"Tantalum Thin Film Electrochemical pH Sensor"Table 1 Comparison of work performed on Ta thin films for pH sensing using several techniques
Table 2 Process parameters of Ta coating thin film Due to the good adhesion and chemical stability of Ta film, Ta film was prepared on glass substrate by tantalum vapor deposition technique. The structure, roughness and surface morphology of these films were further characterized using XRD, CCI and SEM techniques, respectively. Figure1 XRD data of Ta film and after exposure to harsh solvent (HCl) for different time
The Ta film thickness of 1 μm soaked in pH 1.0 solution for 15 minutes showed a thickness similar to that before use.

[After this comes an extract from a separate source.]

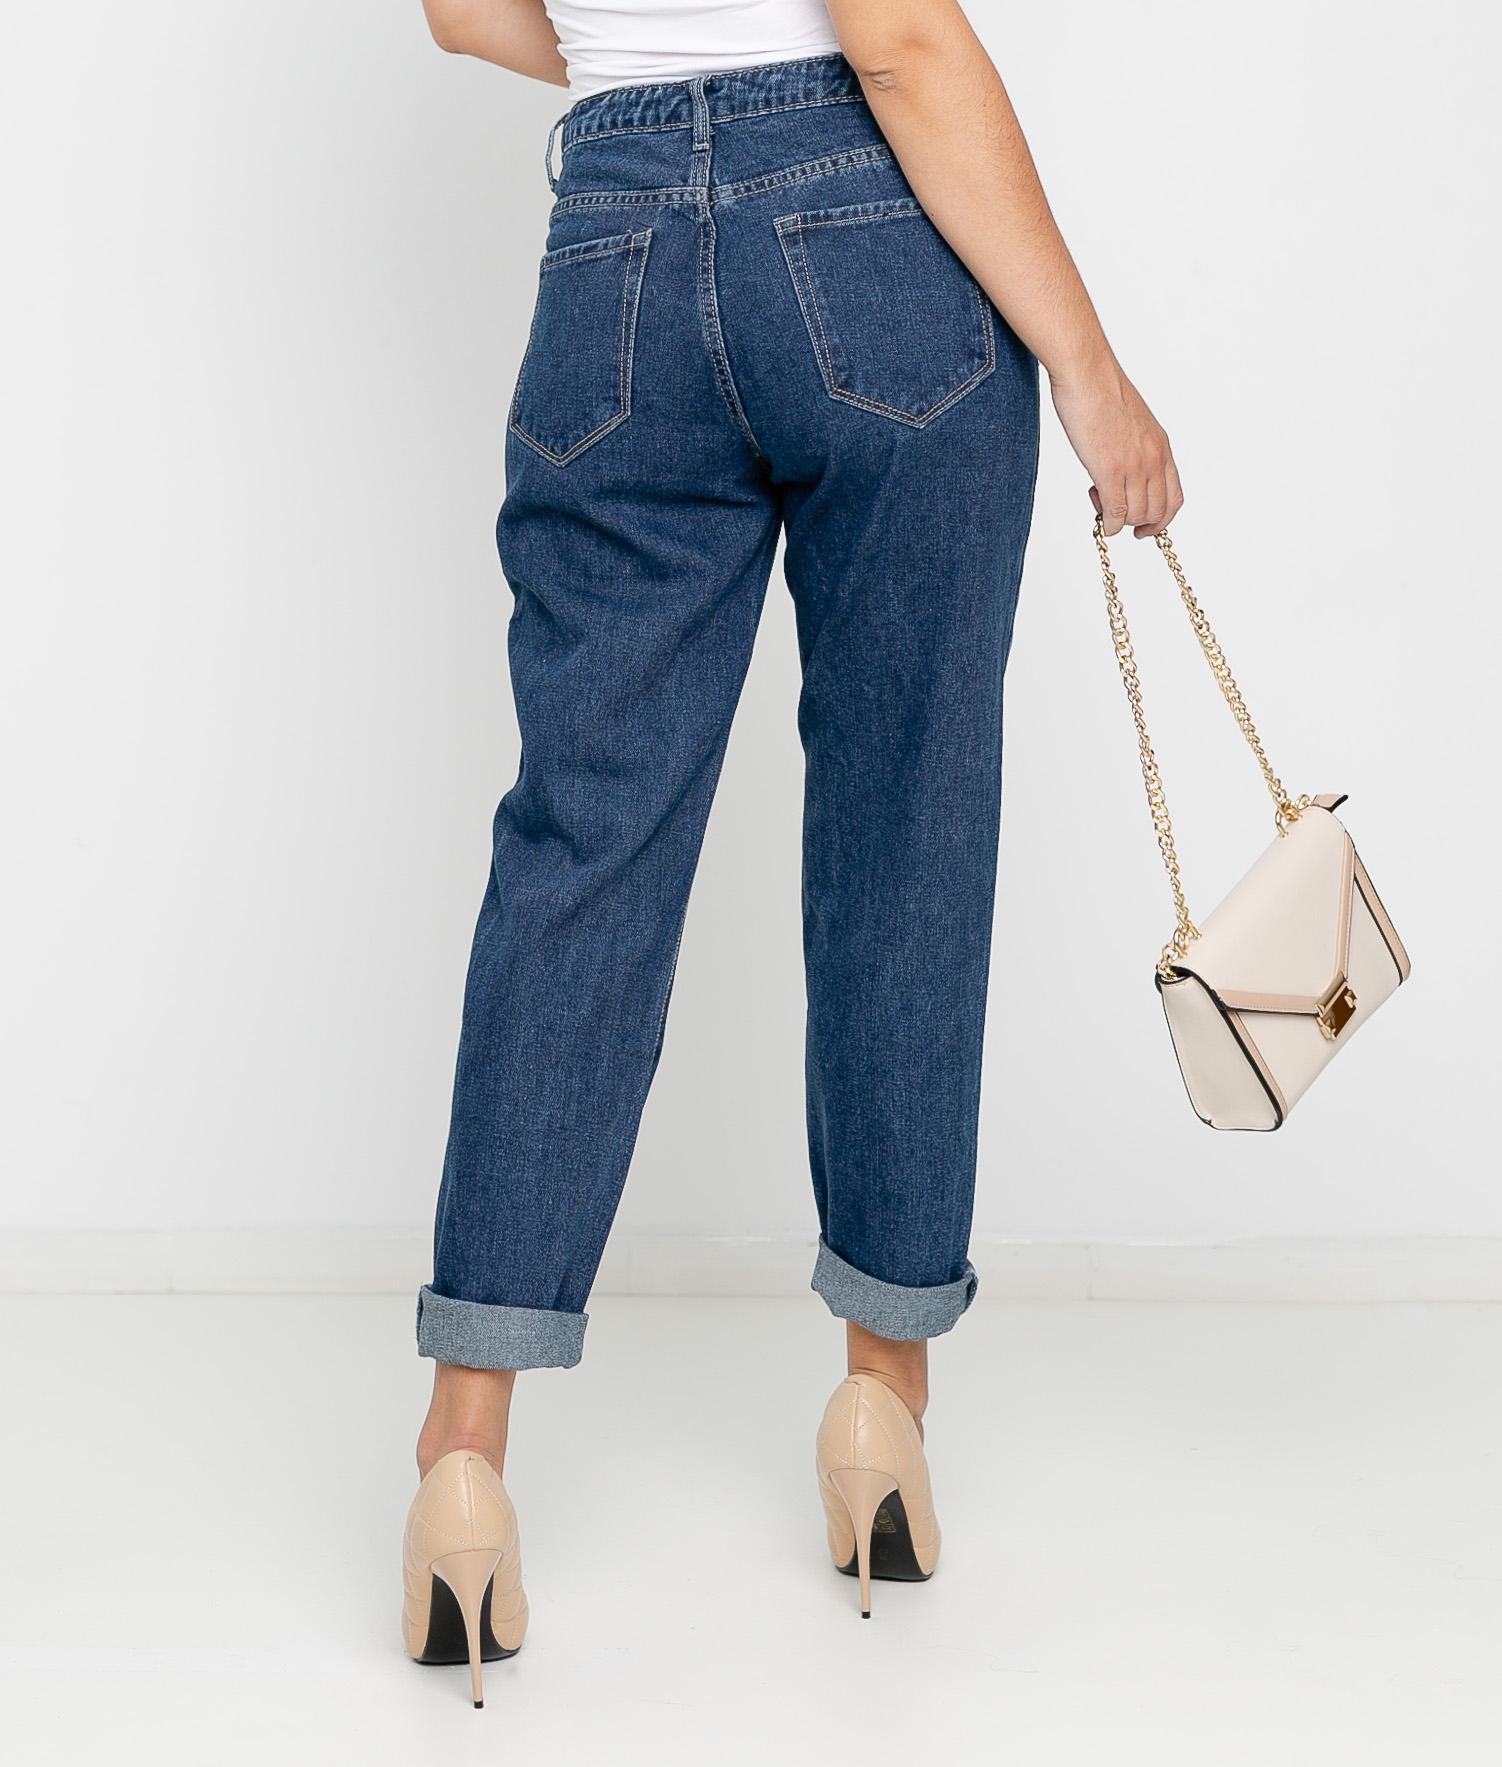 Pantaloni Goria - Denim scuro
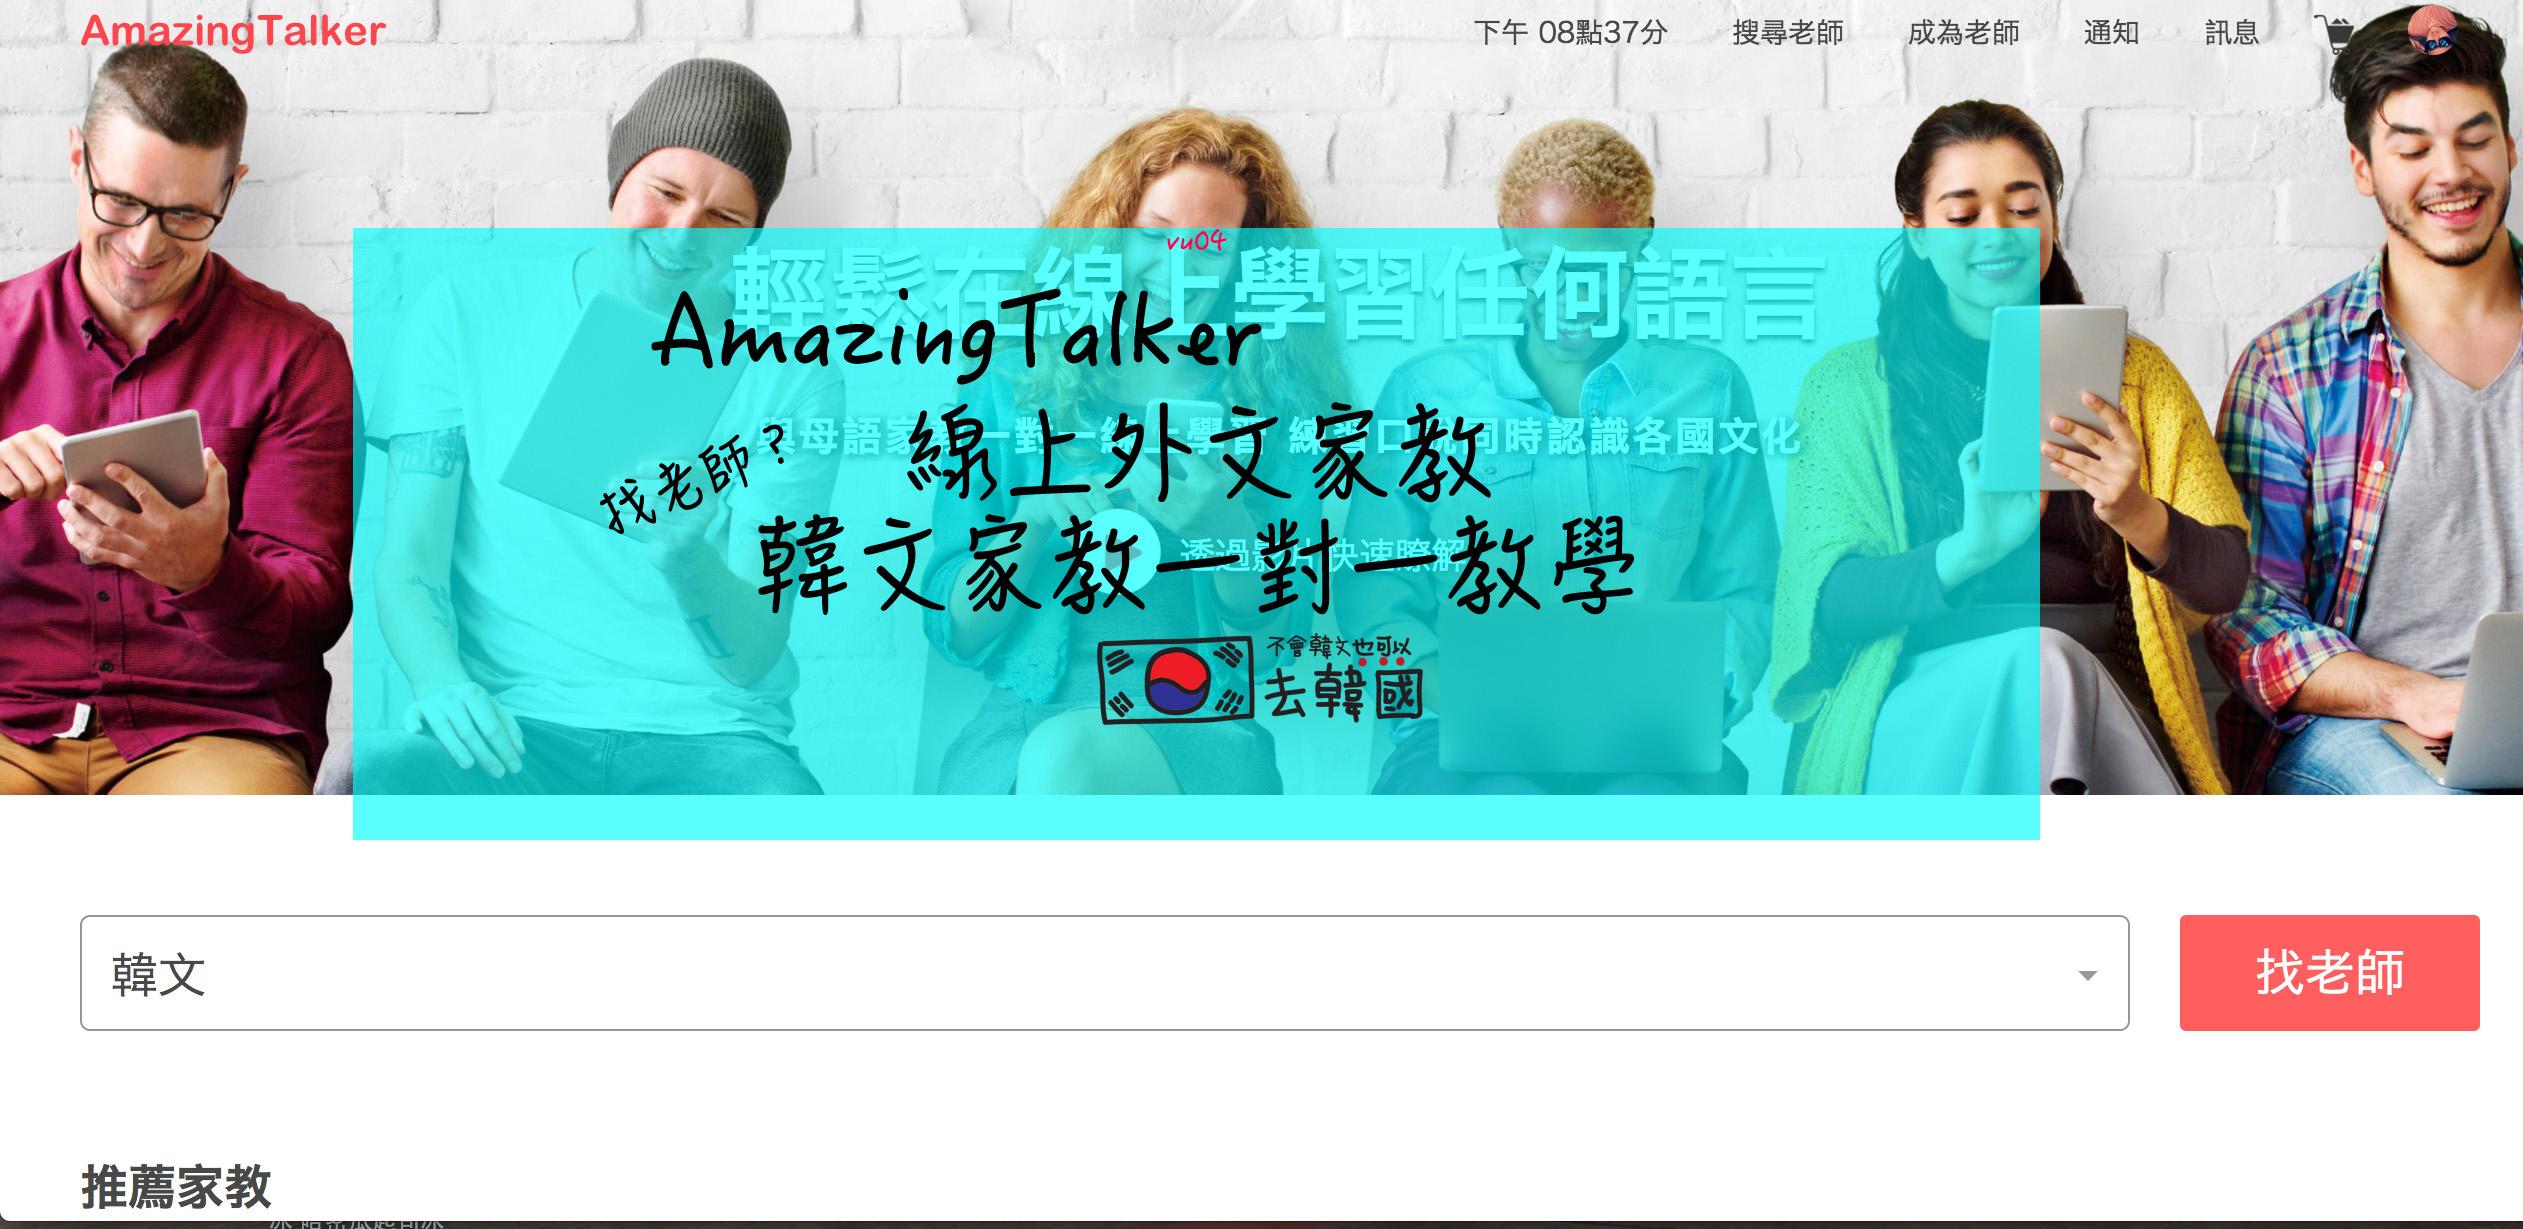 【AmazingTalker評價】在澳洲試線上上課心得|韓英日家教推薦|線上外語家教|學外語、找韓文老師 @GINA環球旅行生活|不會韓文也可以去韓國

Based on the XRD patterns and thickness measurement data, it can be said that the material maintained its structure during the experiments in low pH solution, which confirmed its stability. The roughness of the Ta film was measured using the CCI technique and found to be 0.3 nm (Figure 2), which shows better film quality. Figure2 CCI surface image and roughness map of Ta film
Figure 3(a) and (b) show the cross-section and 2D surface morphology of the electrode material before the sensing study. However, Figures 3(c) and (d) represent the cross-section and 2D surface morphology of the electrode material after immersion in 1.0 pH solution for 15 min. It again confirmed that the electrode material did not dissolve in solution and remained stable during the study.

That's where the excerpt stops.